Kemudian Jokowi mengatakan keberadaan Tol Kayu Agung-Palembang untuk membuka lapangan pekerjaan, khususnya di daerah. Dia menilai, tol sepanjang 42,5 kilometer ini akan membuka peluang-peluang yang menguntungkan.

"Ini adalah untuk pemerataan pembangunan dan pembukaan lapangan pekerjaan di daerah yang sebanyak-banyaknya sehingga meningkatkan kesejahteraan masyarakat," ucap dia.

Dia mengatakan, tol tersebut tak hanya menghubungkan antarwilayah dan daerah, namun juga untuk membangkitkan perekonomian masyarakat di Provinsi Sumatera Selatan.

Untuk itu, Jokowi meminta kepada kepala daerah agar menyambungkan Tol Kayu Agung-Palembang ke sentra ekonomi, pariwisata, industri, hingga pertanian.

"Sambungkan, berikan akses penghubung ke sana. Manfaat ekonominya akan bisa maksimal. Ini adalah tugas pemerintah provinsi, tugas pemda," kata dia.

Peluang Tarik Investor

Presiden Joko Widodo atau Jokowi meninjau banjir Kalimantan Selatan (Kalsel) dari atas jembatan Pakauman yang dilintasi Sungai Martapura, Kabupaten Banjar. (Dok Setpres)
Presiden Joko Widodo atau Jokowi meninjau banjir Kalimantan Selatan (Kalsel) dari atas jembatan Pakauman yang dilintasi Sungai Martapura, Kabupaten Banjar. (Dok Setpres)

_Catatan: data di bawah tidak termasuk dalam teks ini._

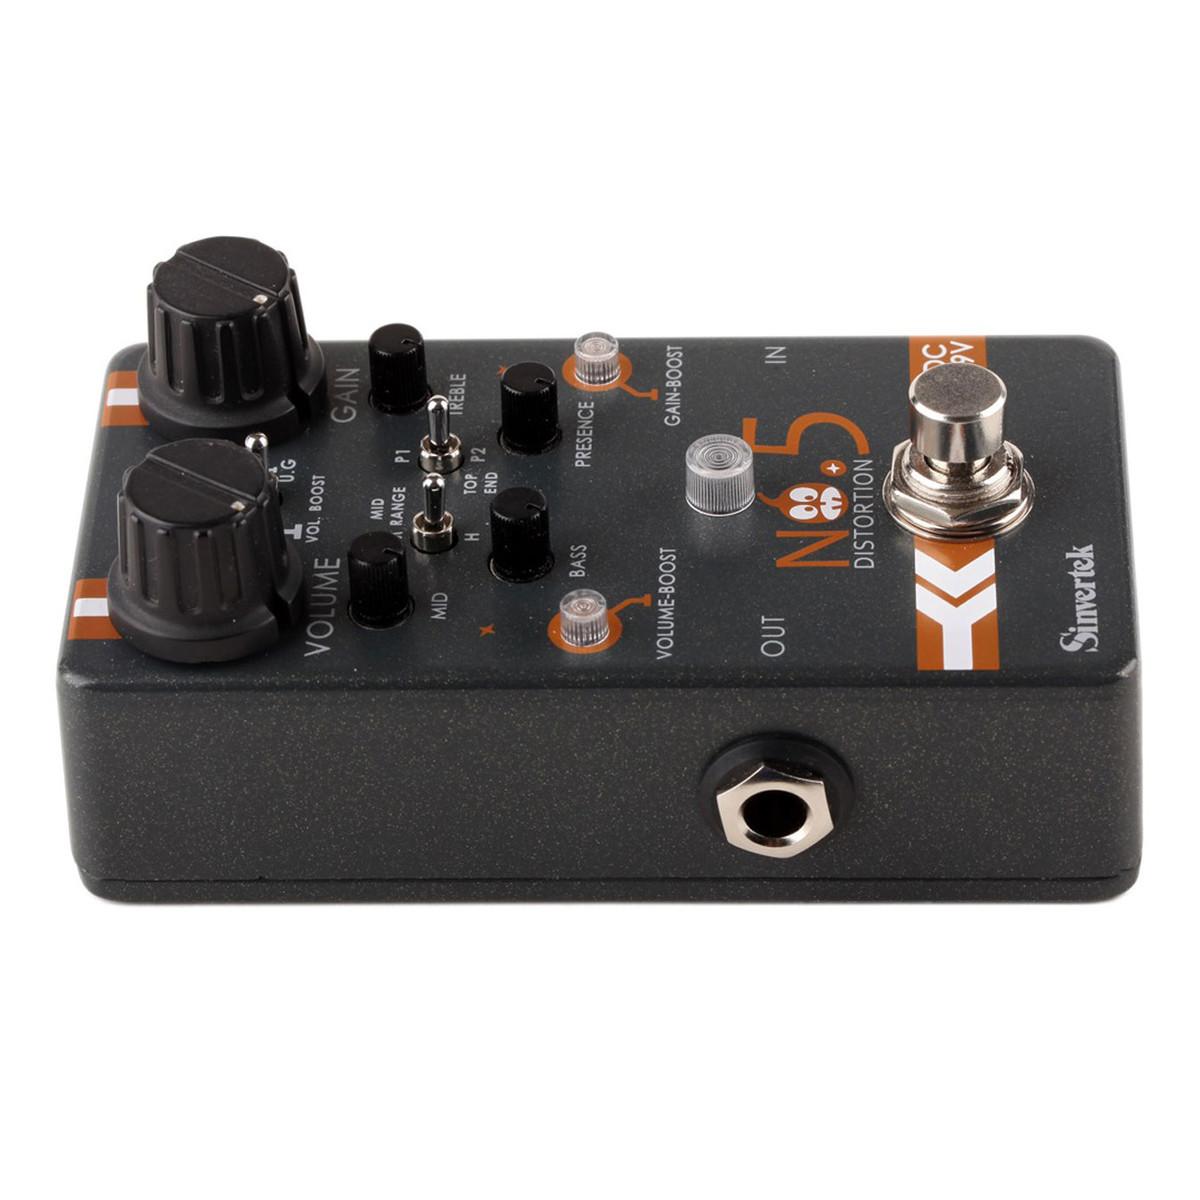 Sinvertek Distortion No.5 Guitar Pedal at Gear4music.com

Menurut Jokowi, keberadaan tol ini akan membuka banyak peluang yang menguntungkan. Pasalnya, lokasi Tol Kayu Agung-Palembang dekat dengan Pulau Jawa, memiliki lahan yang sangat luas dengan harga yang kompetitif, serta tenaga kerja yang tersedia juga sangat besar.

"Sehingga aktivitas bisnis bisa dilakukan dengan biaya yang bersaing dengan provinsi yang lain, bersaing dengan negara yang lain," tutur dia.

Dia pun meminta pemerintah daerah, provinsi, kabupaten/kota untuk lebih agresif menawarkan potensi-potensi yang ada di daerah masing-masing dan menjadikan tol ini sebagai keunggulan.

Jokowi berharap Tol Kayu Agung-Palembang dapat menarik para investor.

"Mningkatkan daya tarik dan daya tawar pada para investor agar mengembangkan investasi di Provinsi Sumatera Selatan," jelas Jokowi.